ХИТРОСТЬ ДВОРЕЦКОГО
Овчина-Оболенский уже ведал о том, что князь Андрей со многим воинством вышел из Старицы и двинулся к новгородской земле и его дружина, разбухшая от пришлых ратников, теперь способна снести не только московские полки, но и все крепости на своем пути.
Шигона, заметив печаль боярина, предложил:
— На хитрость надо пойти, Иван Федорович. Ежели старицкий князь грамоты пишет, так и нам от этого нельзя отказываться.
— Ну… что же ты предложишь? — с воодушевлением посмотрел Овчина на верного холопа.
— Отпишем в дружину Андрея письма о том, что простим всякого, кто оставит старицкого князя и пойдет на службу к великой княгине, а строптивцев развешаем через версту по всей новгородской дороге, яко собак.
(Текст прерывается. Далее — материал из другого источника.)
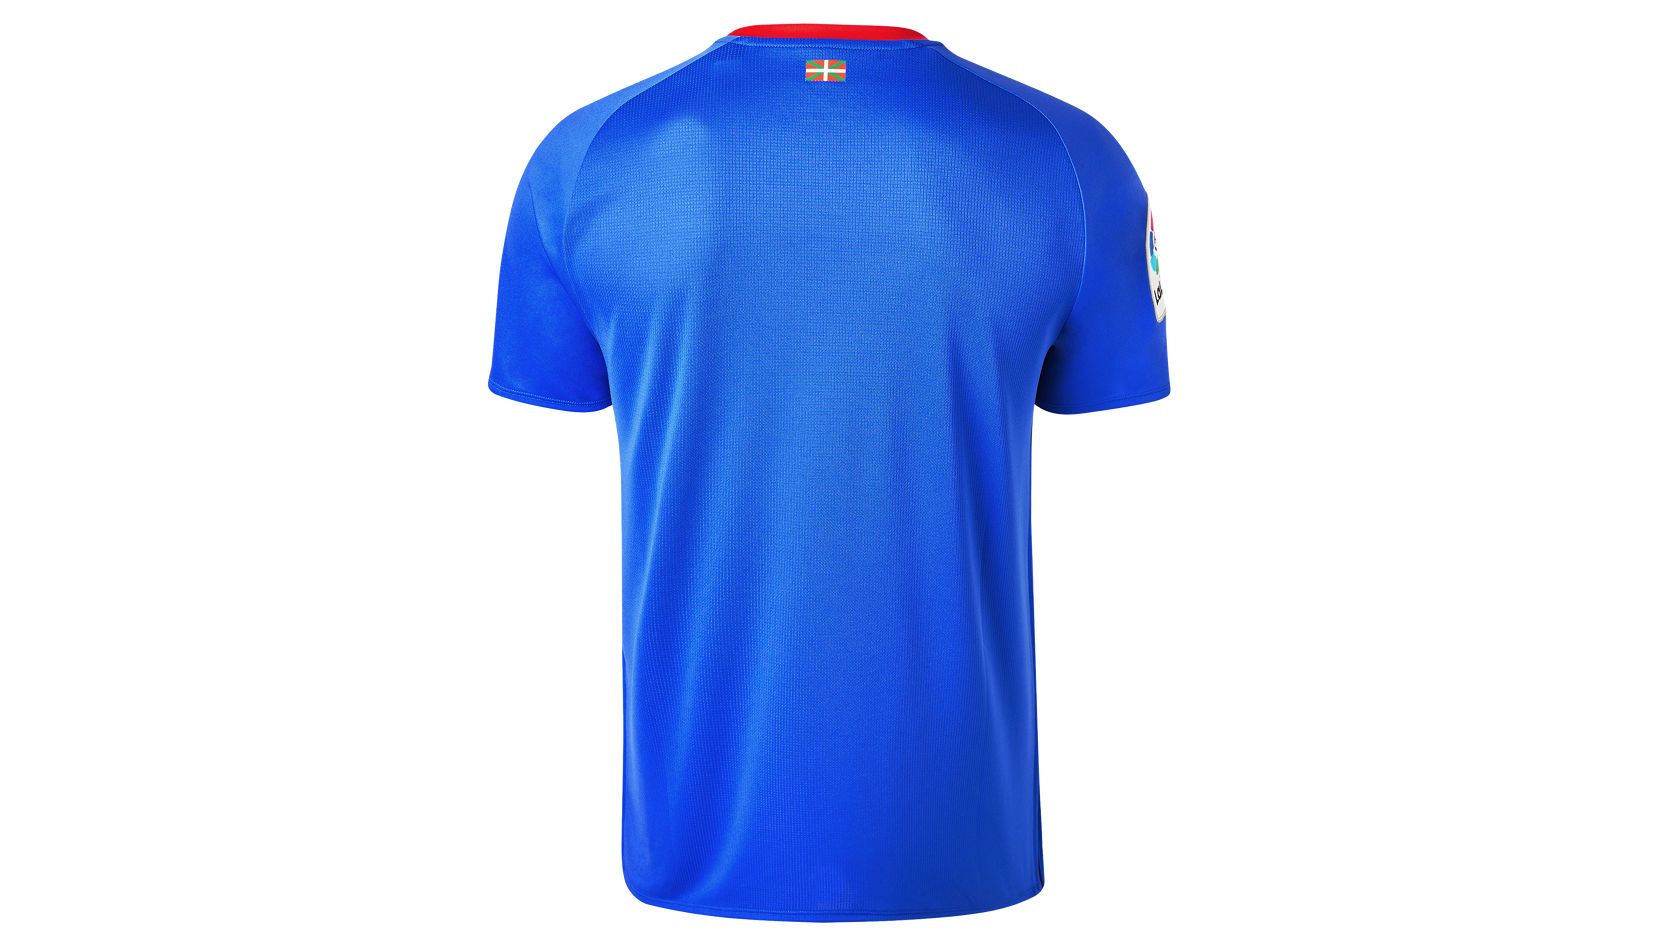 Athletic Club Mens Away Short Sleeve Jersey - Men s 830162 - Tops ... b249329b6067e

— Хм… А ведь ты прав, Ванюша, еще как прав! Дай дьякам наказ: пусть пишут, да чтобы писем поболее было.
Река Мета разлилась, и там, где в прошлом году паслись табуны лошадей, теперь плескалась рыба. Старицкий князь выбрал место высокое, и его шатер напоминал гнездовище огромной птицы. Воинство разместилось у подножия склона. Ратники запалили костры, развешали на колья панцири и кольчуги, а затем стали дожидаться распоряжения князя.
Андрей Иванович не торопился, он ведал о том, что третьего дня сюда должен подойти большой отряд углицких дворян, которые обещали привезти вместе с обычным вооружением дюжину немецких нарядов. Такая подмога будет кстати — каменные ядра с великой лихостью расщепят ворота московского Кремля.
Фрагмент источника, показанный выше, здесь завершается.